Further, INL is storing 140 tons of highly radioactive nuclear core debris that resulted from the Three Mile Island Unit 2 partial core meltdown in 1979. The damaged core materials were shipped by rail to the INL from the Pennsylvania site from 1986 through 1990. The TMI core material was brought to Idaho ostensibly for research and before the 1995 ban on commercial spent fuel being brought to the state.

The 1995 Settlement Agreement was reached as a result of a lawsuit filed by the state of Idaho against the U.S. Department of Energy, which oversees INL operations, and the Navy to prevent them from sending spent nuclear fuel to the state for storage. Provisions of the agreement established cleanup deadlines, mainly for the Rocky Flats waste, allowed shipments of naval fuel to continue to INL, mandated that all spent fuel and high-level waste be removed from INL by 2035 and banned commercial spent fuel from being sent to INL.

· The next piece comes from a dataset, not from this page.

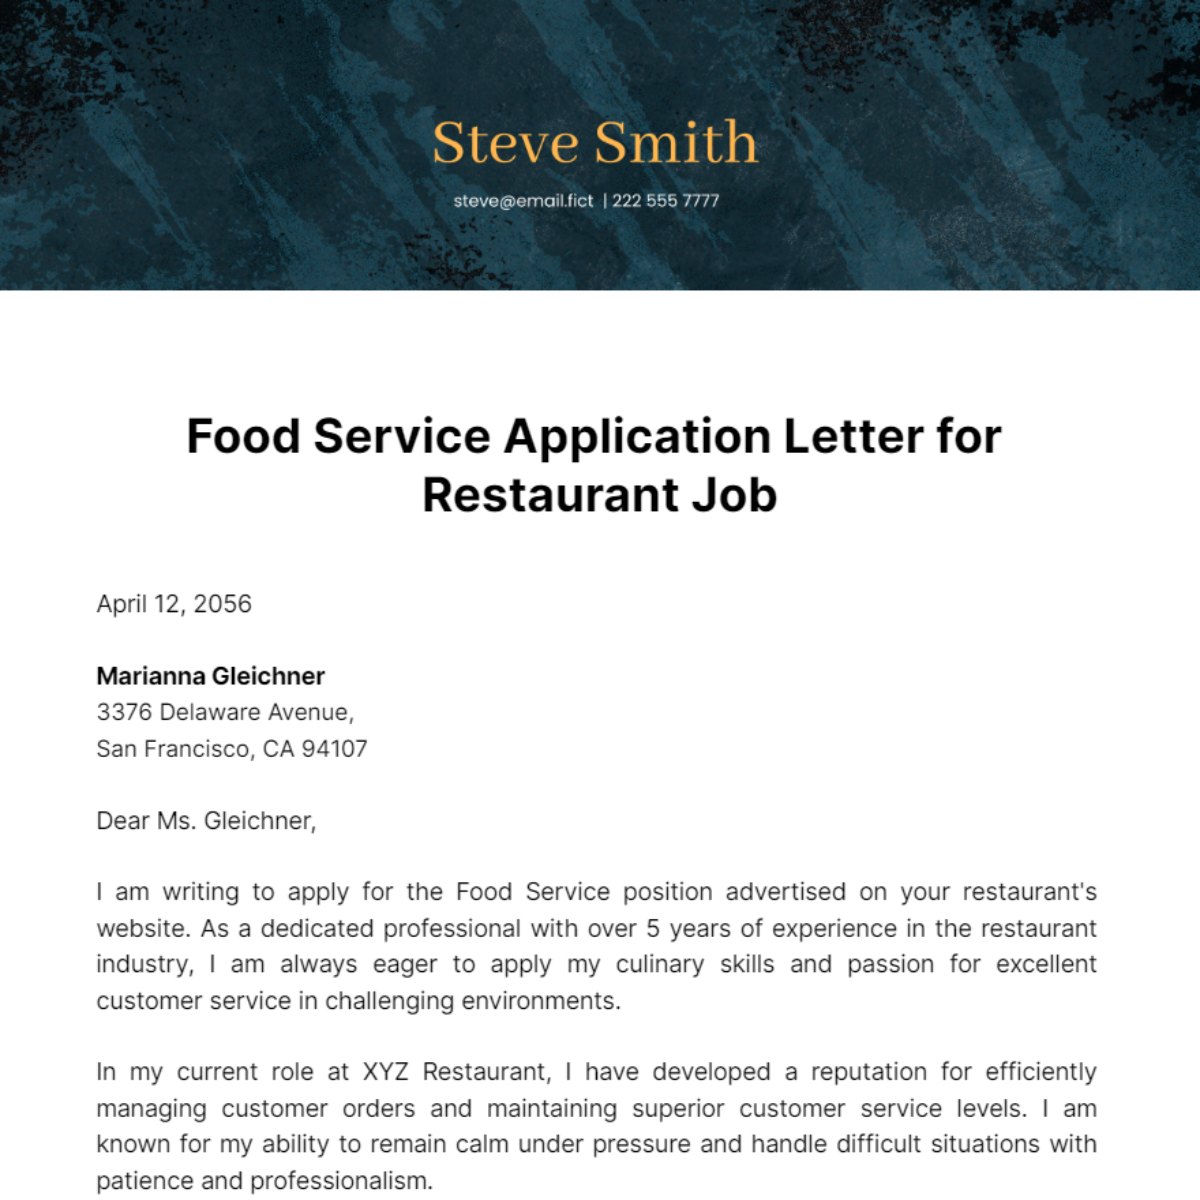 Food Service Application Letter for Restaurant Job Template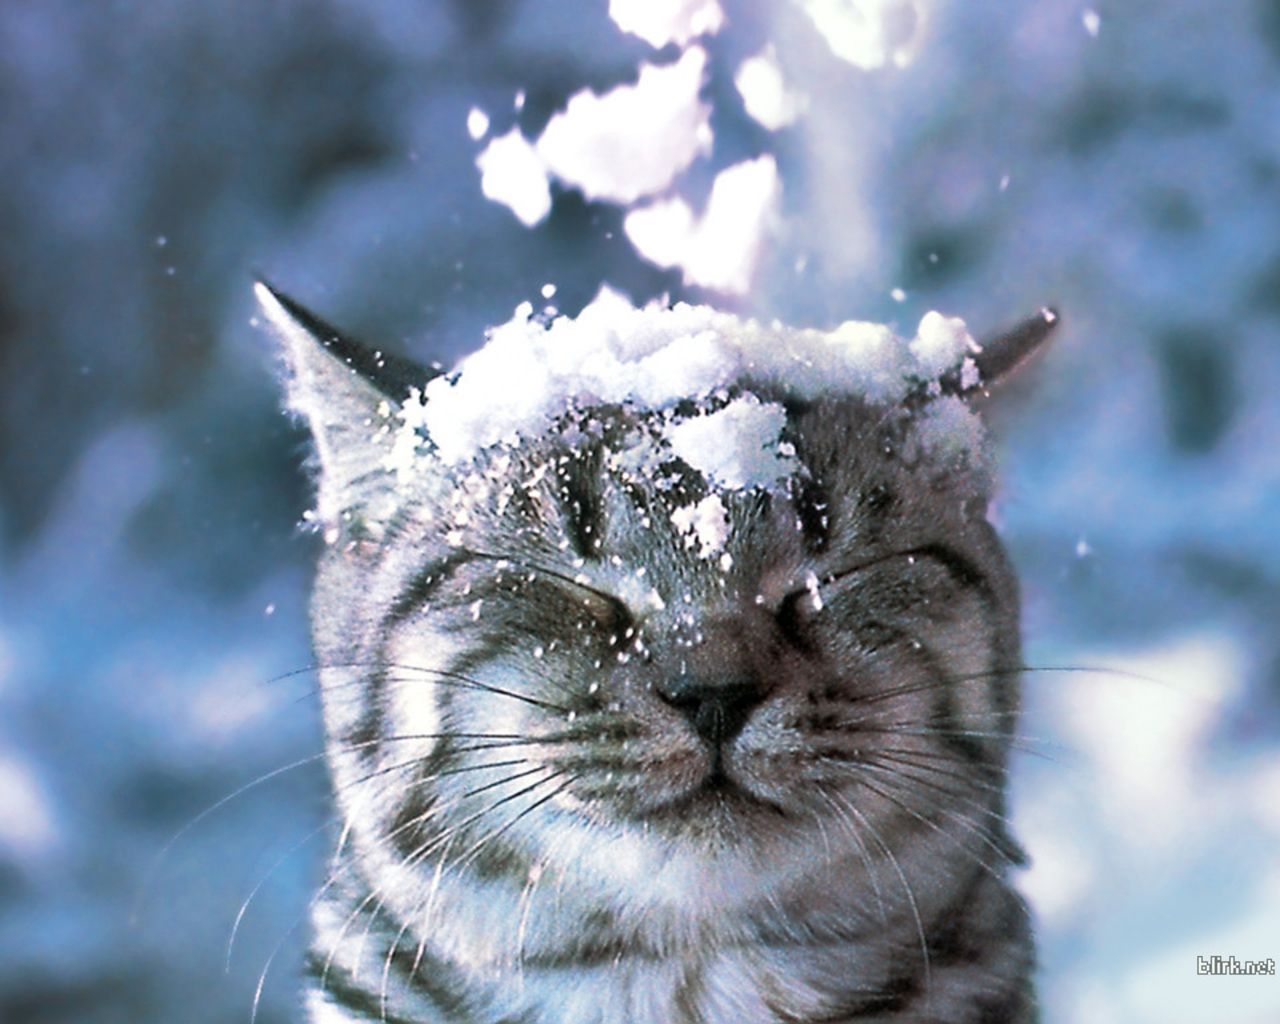  Winter Tiere Hintergrundbild 1280x1024. Cats Wallpaper: Cat in the Snow Wallpaper. Kittens cutest, Cute animals, Cats

The Snake River Alliance has taken the position that it is not satisfied with the final report issued on Feb. 6 by the Leadership in Nuclear Energy Commission, which is typically referred to as the LINE Commission. The discontent comes from the fact that the LINE report does not emphatically state that spent commercial fuel cannot come to Idaho and suggests instead that for economic purposes, changes should be considered to the 1995 Settlement Agreement.

The Snake River Alliance stated that it is pleased that a recommendation to establish a “pilot” storage facility for commercial spent fuel at the INL, a provision of an earlier LINE report draft, did not make it into the final report.

The LINE Commission was formed to show how the INL can continue to contribute to the economy of Idaho. The LINE report states that the INL is responsible for 24,000 jobs in Idaho and contributes more than $3.5 billion to Idaho annually.